Eleanor Feldman Barbera, Ph.D.

Mr. Cooper was staring out the window when I came by to see him for his weekly psychotherapy session. “There's no one here to talk to except you,” he said despondently.

“You're the fourth resident who told me that this week, Mr. Cooper!” I replied. “We need to get all of you together so you can talk to each other!”

Our strength is community

Many, if not most, of the services offered in the nursing home can be provided through home-based care. What sets nursing homes and other long-term care sites apart is the opportunity for residents to socialize with each other with ease.

The community atmosphere can be one of our most appealing aspects and biggest selling points to potential residents. Savvy facilities will make the most of this through developing and promoting their recreation programs and facilitating connections among residents and their families.
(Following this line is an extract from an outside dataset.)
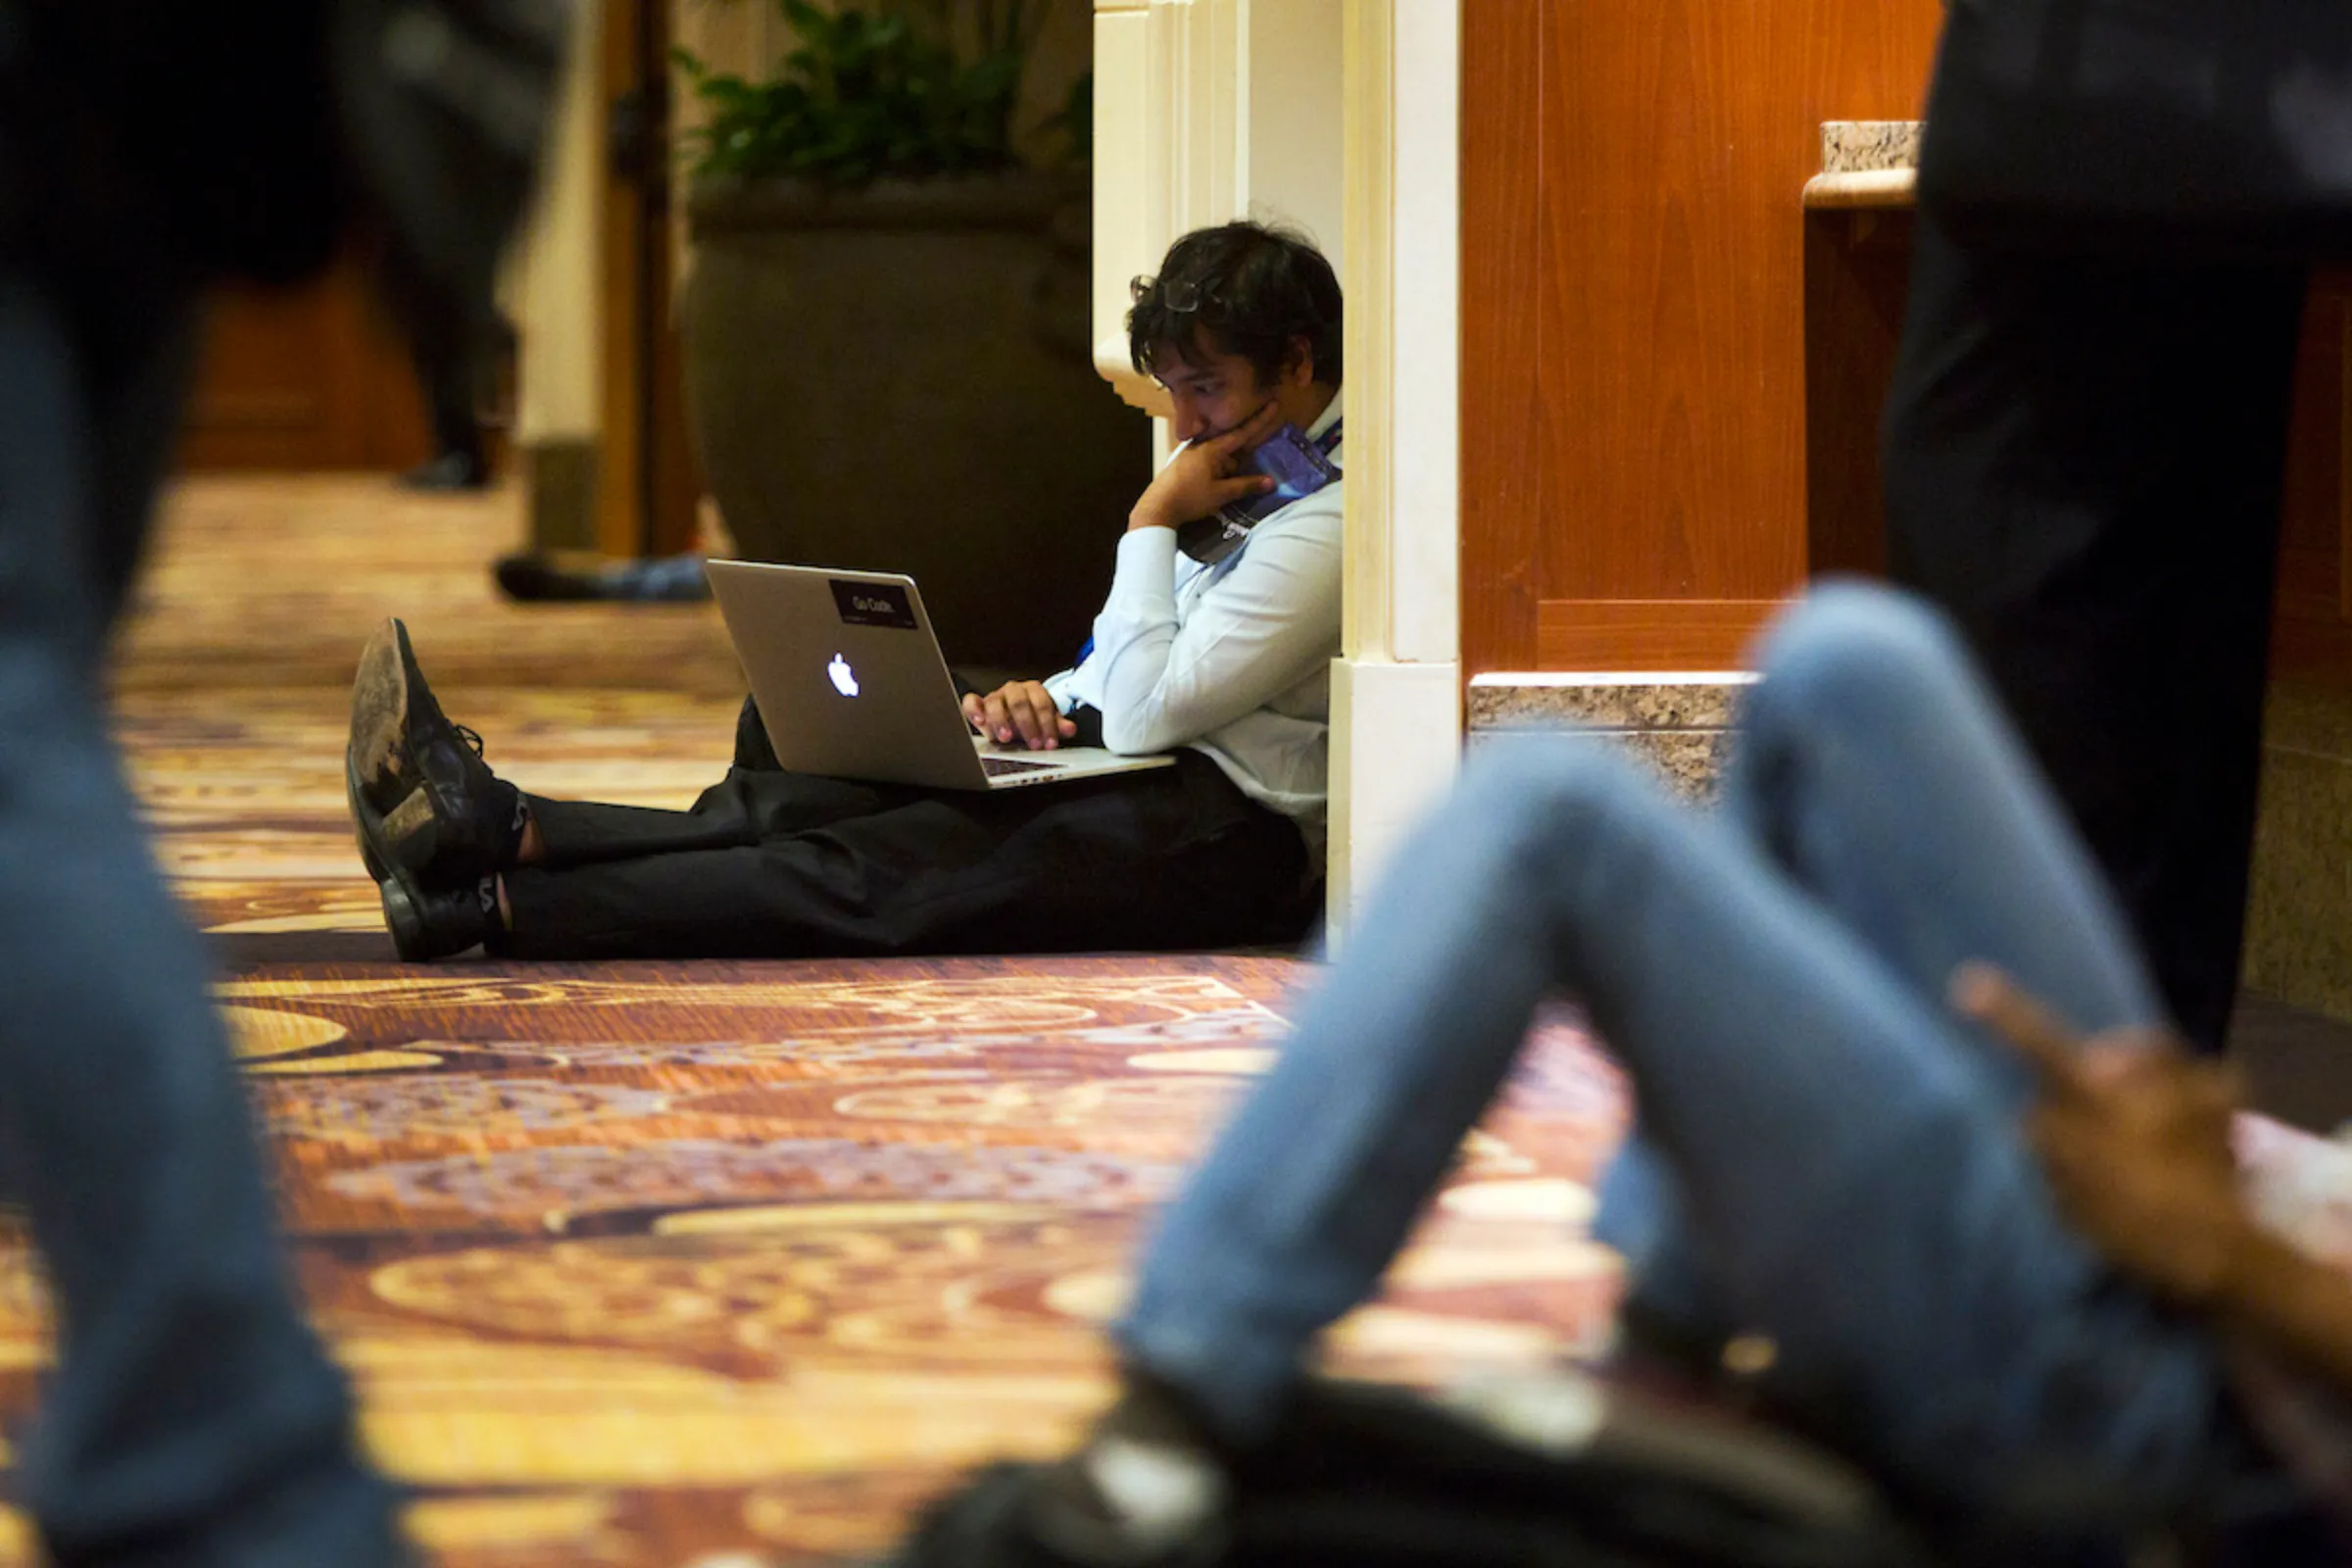 A security engineer at Google, works in a hallway during the Black Hat USA 2014 hacker conference at the Mandalay Bay Convention Center in Las Vegas, Nevada August 6, 2014. REUTERS/Steve Marcus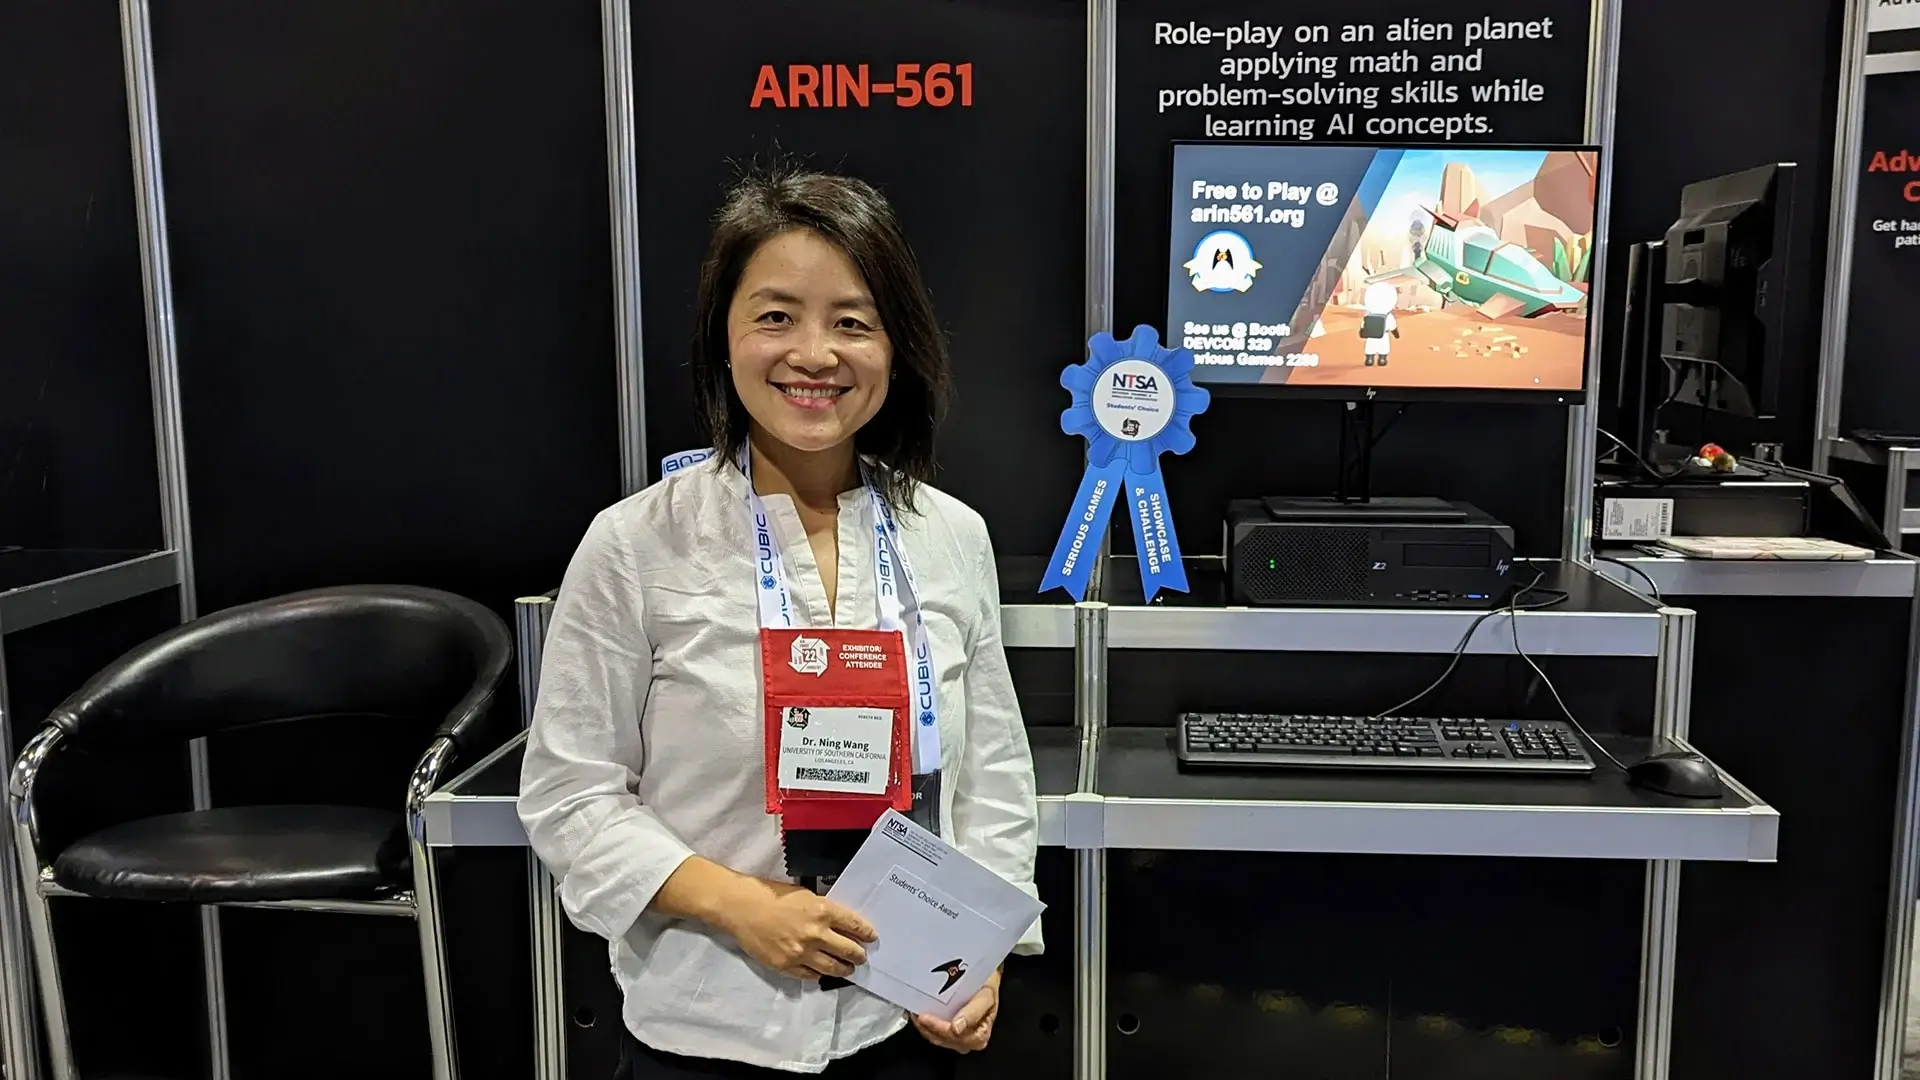 Ning Wang in front of ARIN-561 Game booth at IITSEC 2022

Benefits of social connections

According to Anna Miller in her January 2014 article in the American Psychological Association Monitor, having strong social connections has been “linked with such benefits as a greater pain tolerance, a stronger immune system, and a lower risk of depression and early death … [Loneliness causes] physiological processes to activate that are directly bad for your health.” This suggests we can actually improve the physical health of our residents by increasing their involvement in meaningful social activities.

Creating a stronger sense of community

Here are some suggestions to help develop positive connections between residents in long-term care:

1.     Facilitate interactions between residents upon their admission.

As I wrote in The Critical Period, the arrival in LTC is a time when new behaviors — such as attending activities — are easiest to establish. Don't wait until a resident is in the habit of staying alone in his or her room all day; instead, send a welcoming committee to engage the resident immediately. Find out new residents' interests and connect them to others in the facility who share their passion for gardening or baseball, for instance.

2.     Create opportunities to share secrets.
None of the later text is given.